What can we expect to see from you and Breckinridge in the next year?
I’ve been advocating for diversity, specifically women in leadership, for quite some time now. You can expect to see more of that. I am working with others in our firm to increase our focus on mentoring and sponsoring the next generation of women leaders across all sectors of the market.
As a firm, in 2021 we formalized our Diversity, Equity and Inclusion strategy. Examples of work included in the strategy are in-depth education sessions around all aspects of DEI, review of/adjustments to our 2020 compensation study and an inclusion employee work survey – which will be followed by a working group of employees to determine solutions for key issues that arise.
You can expect in 2022, we will be assessing the effectiveness of our DEI strategy. We want to measure how we performed this past year and make adjustments to the strategy or goals so that our sights are on constant improvement.
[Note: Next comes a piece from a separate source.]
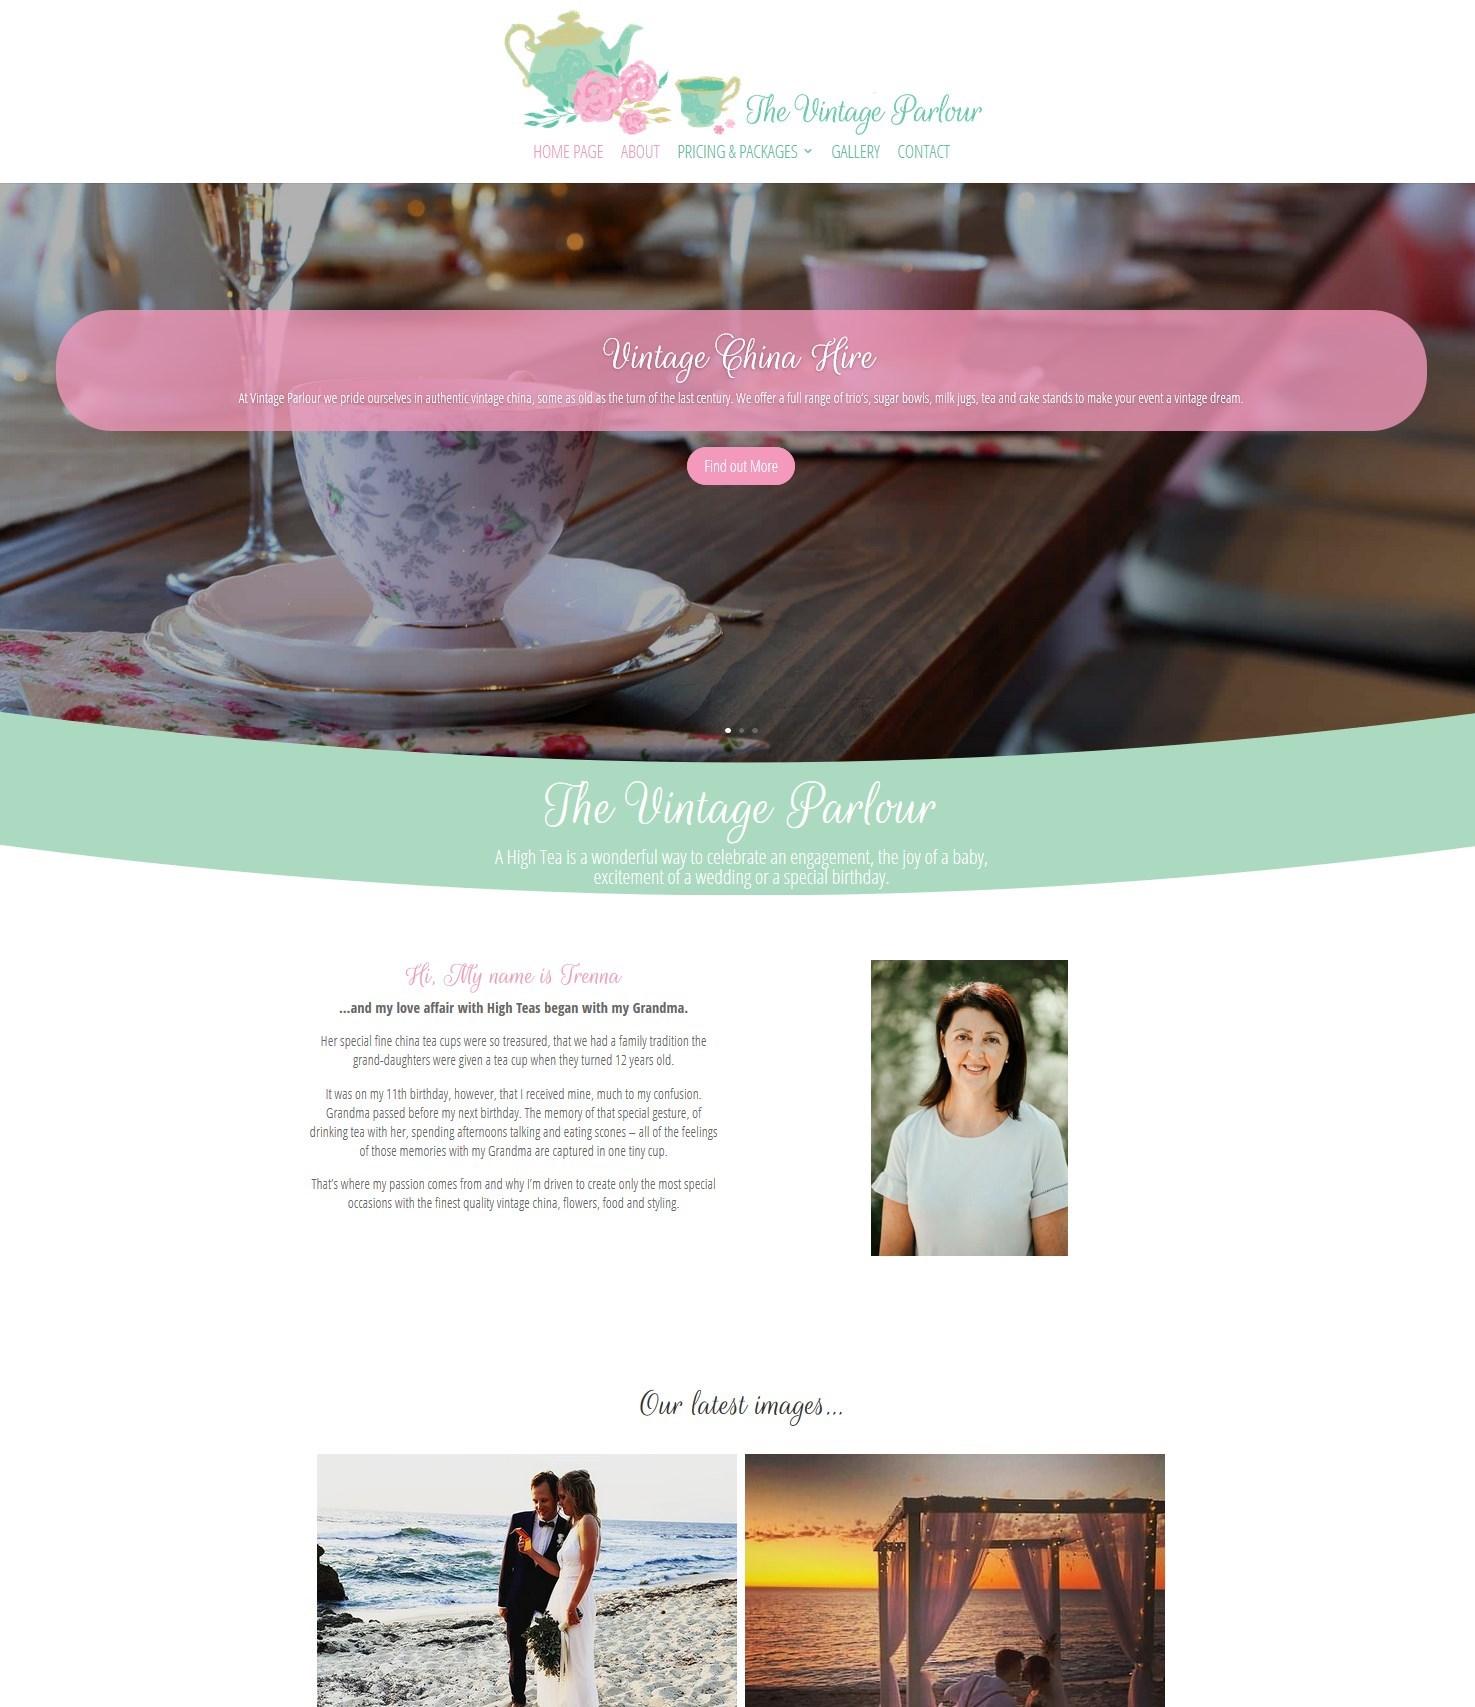 vintage parlour web design - Design

Our efforts include more partnerships with organizations focused on advocating for DEI like Girls Who Invest.
In fact, in 2021 we proudly formed a new partnership with the United Negro College Fund (UNCF) and their Lighted Pathways program.
Over the summer of 2022, we are planning to host interns from Girls Who Invest, the Margarita Muniz Academy and UNCF. These efforts are helping to diversify the pipeline in finance.
At Breckinridge, we prioritize transparency. Similar to our competitors and others in the industry, we understand we still have work to do. I believe if we all move—some small steps, some big steps—in the right direction with respect to DEI, we will reflect back in years to come and see that we made a difference in a way that will make future generations proud.
If you could make one change that would have a great impact on the Earth right now, what would it be and why?
I believe the greatest threat that we face right now to the future of our planet is climate change. If I could make one change that would have great impact, it would be to advance the global framework established in the Paris Agreement to curb climate change by limiting global warming to well below 2 degrees Celsius.
Again, we must rely on our leaders to have the courage and strength to take the big steps necessary to achieve this goal. Still, each of us can take small but meaningful steps in our personal lives that over time will move this effort forward.
My family and I are making changes to reduce the role of fossil fuels in our lives. Breckinridge’s sustainability committee undertakes initiatives each year to reduce our carbon footprint. Many in the investment industry—through the UN Principles of Responsible Investment launched in 2005—are also making efforts.
Each of us can do more to advocate for the commitment to change at the highest level that will make the goal of managing climate risk more attainable.
Disclaimers: This article contains the opinion and views of Breckinridge Capital Advisors, Inc. They are current as of November 16, 2021 and are subject to change. Any forward-looking statements are based on Breckinridge’s assumptions. There is no guarantee that such projections will occur. Breckinridge believes that the assessment of ESG risk can improve credit assessments. However, there is no guarantee that integrating ESG analysis will improve risk-adjusted returns, reduce volatility over any specific time period, or outperform the broader markets or other strategies that do not utilize ESG criteria when selecting investments.